Monday, December 22, 2008

Splitting hairs...and the check

According to a press release from Simon & Schuster, two Money magazine columnists wrote a book about the fine art of splitting the check, and have compiled their top five check-splitting horror stories of 2008.

Everyone loves year-end lists, and many Southeast Texans will probably have to endure some sort of divide-the-ticket-among-crazy-family-members fiasco over the next couple weeks, I thought I'd post their tales.

Enjoy. And feel free to submit your own horror story in the Comments section. Make it your Christmas present to me. I promise not to return it.

TOP 5 CHECK SPLITTING HORROR STORIES OF 2008
by Jeanne Fleming and Leonard Schwarz

1. Surprise! Now pay - A friend invited us to his home for a surprise 40th birthday party for his wife. A week before the event, he called to say he’d had to move the party to a restaurant because it had gotten too big for their house. It was a great bash—except that, as soon as we’d all sung “Happy Birthday” and the birthday girl finished opening her gifts, the waiters delivered checks to each guest for a portion of the bill.

2. 70/30 is halvsies, right? - When my college roommate and her family came to town, she proposed our families get together. Our daughter was away at camp, but my husband and I arranged to meet Jennifer, her husband and their two teenage sons for dinner at a destination restaurant they wanted to try. When the check arrived, her husband said “Why don’t we just split this down the middle? That seems easiest.”
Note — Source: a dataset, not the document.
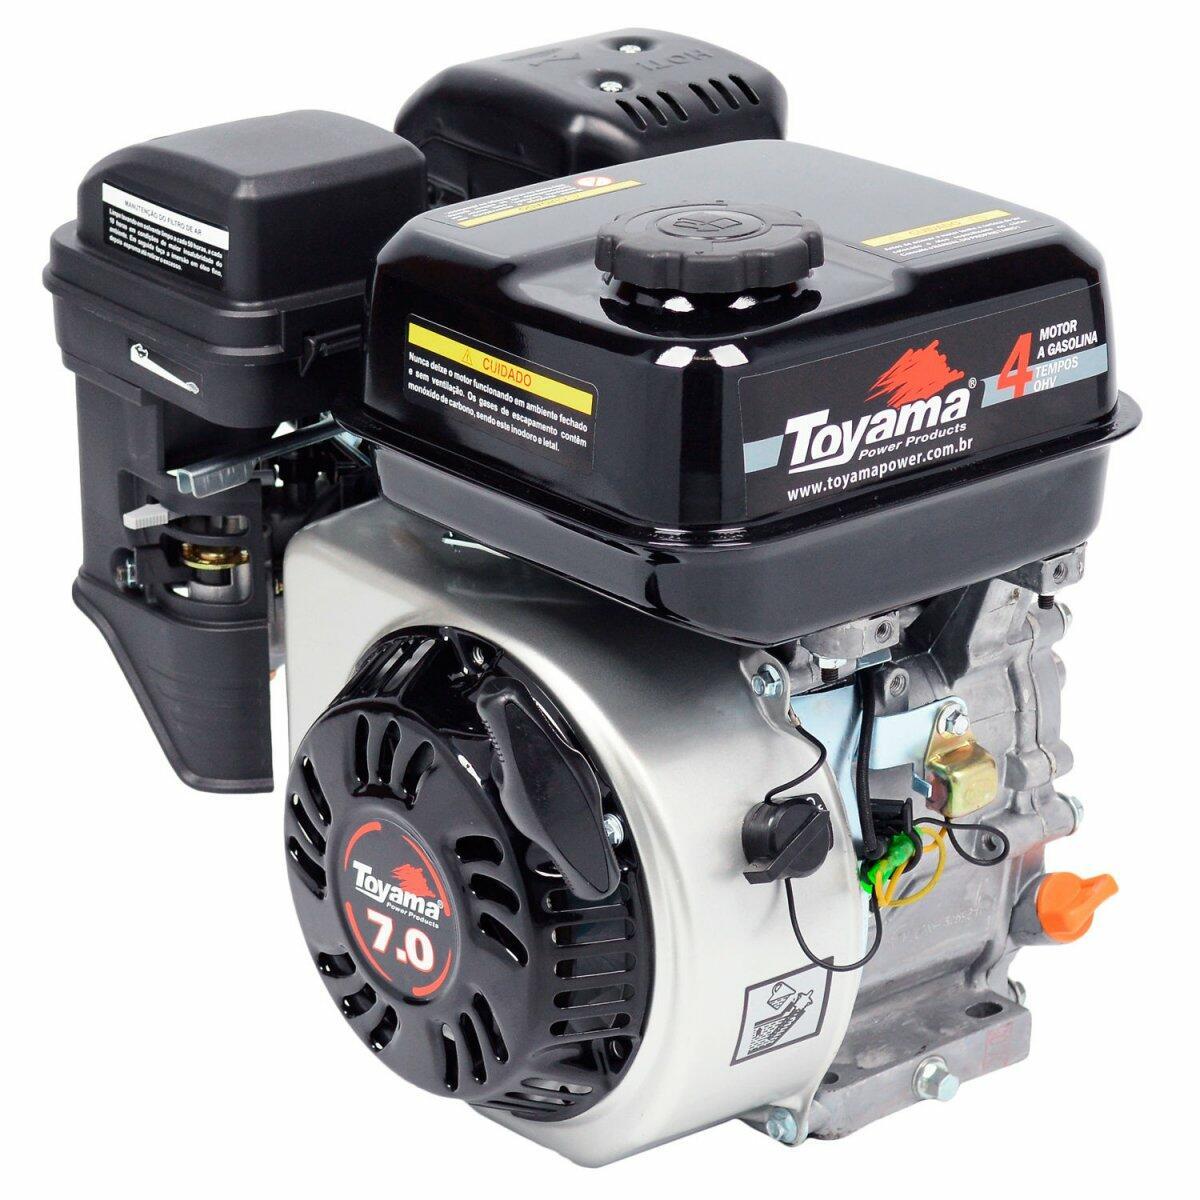 Motor Com Rabeta Fixa para Popa de Barcos 1,70M 7HP Toyama

3. Thanks for the donation...and lunch - After a year of discussions, I agreed to contribute a considerable amount of money to my alma mater to endow a chair for the History department. When I met with the head of the development office to sign the final papers, he proposed we go out for a celebratory lunch. At his suggestion, we went to an upscale place; then, when the bill arrived, he said: “Too bad we’re a non-profit institution. Otherwise, I’d fight you for that check.”

4. Mine's free, yours isn't - Recently, a friend suggested we try a new cafe that’s a lot pricier than the sandwich shops where we usually meet for lunch. So we went and had a nice, though expensive, meal. But then, instead of splitting the check as we always do, (he) pulled out a buy-one-meal-get-one-free coupon he’d found in a newspaper and said “This pays for my lunch. Let me know what I owe you for the tip.”

5. Welcome! Hope you remembered your checkbook! - My husband’s well-heeled aunt and uncle, whom we rarely see except at big family events, invited us to dinner at their home. We accepted and, of course, took along a nice bottle of wine. At the end of the evening, our hosts thanked us warmly for coming, then told us we owed them thirty bucks to cover the cost of our food. And, no, they weren’t kidding.